Instructions for the task — Please repeat the whole listing exactly, but leave the pictures out.

Raw data —
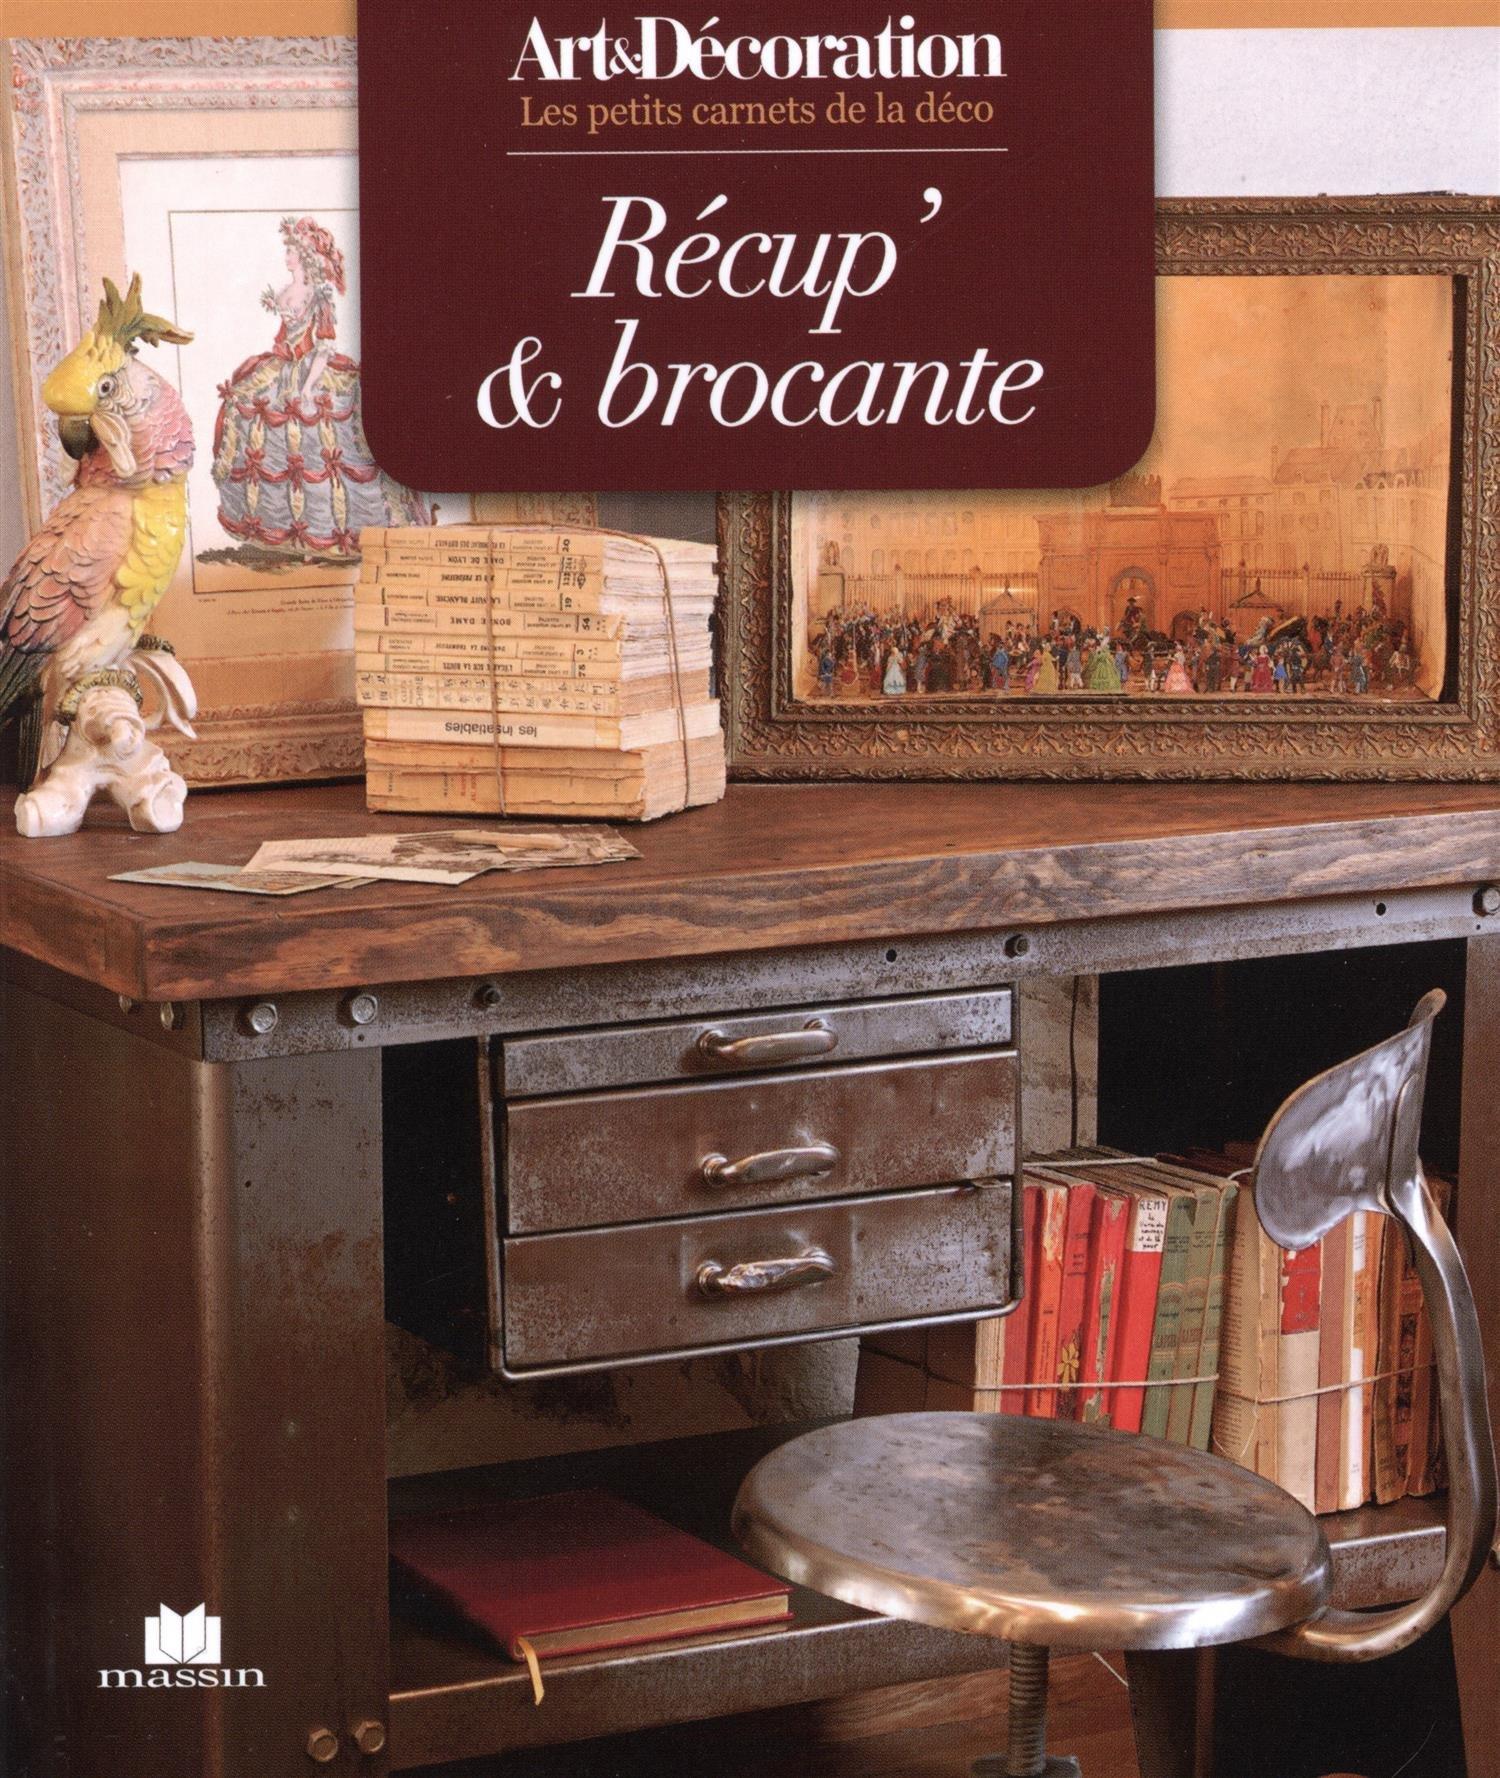 Récup' & brocante Poche – 13 janvier 2015 Karine Villame Récup' & brocante Charles Massin 2707208914
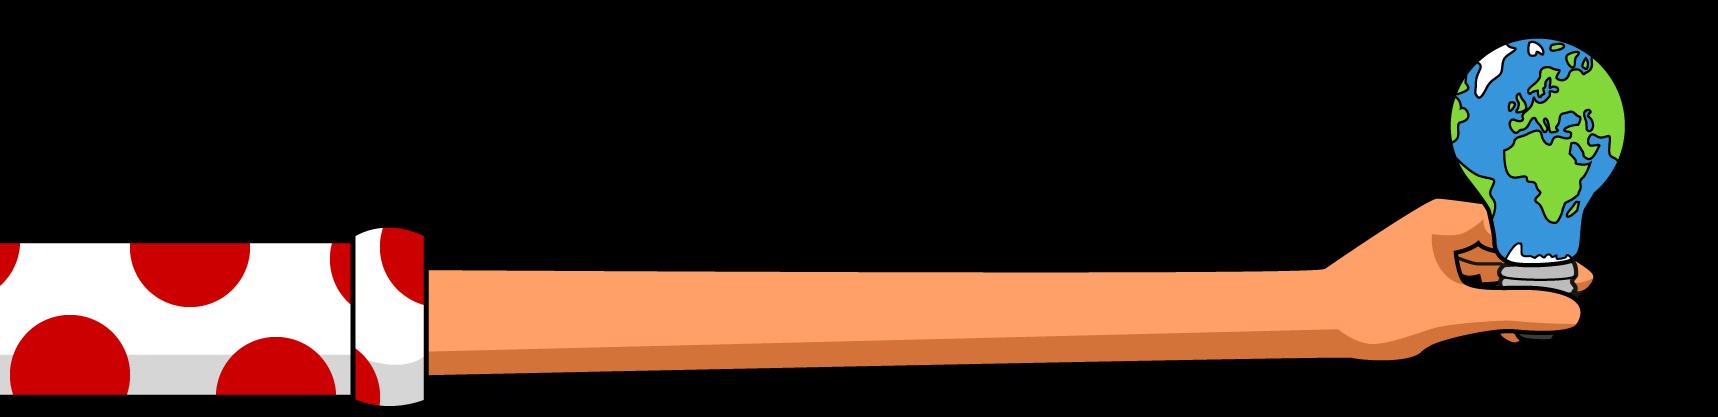 Pepeenergy, la compañía eléctrica de Pepephone
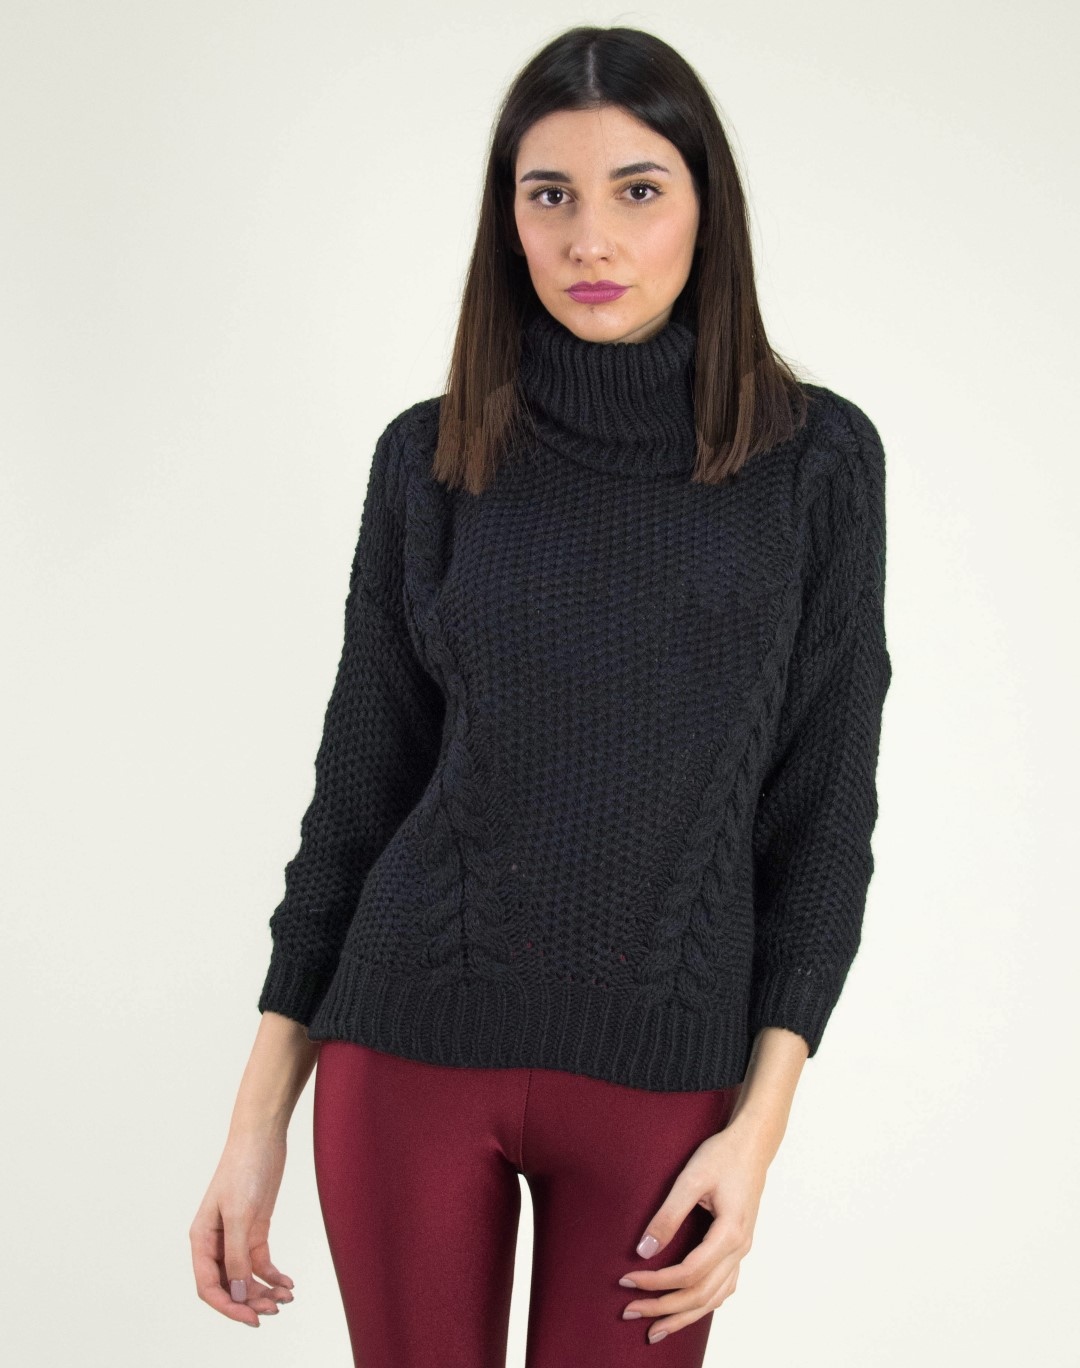 1b49ed9e60df Γυναικείο μαύρο πλεκτό πουλόβερ με ζιβάγκο 8682C

The completed task —
 Récup' & brocante Poche – 13 janvier 2015 Karine Villame Récup' & brocante Charles Massin 2707208914
 Pepeenergy, la compañía eléctrica de Pepephone
 1b49ed9e60df Γυναικείο μαύρο πλεκτό πουλόβερ με ζιβάγκο 8682C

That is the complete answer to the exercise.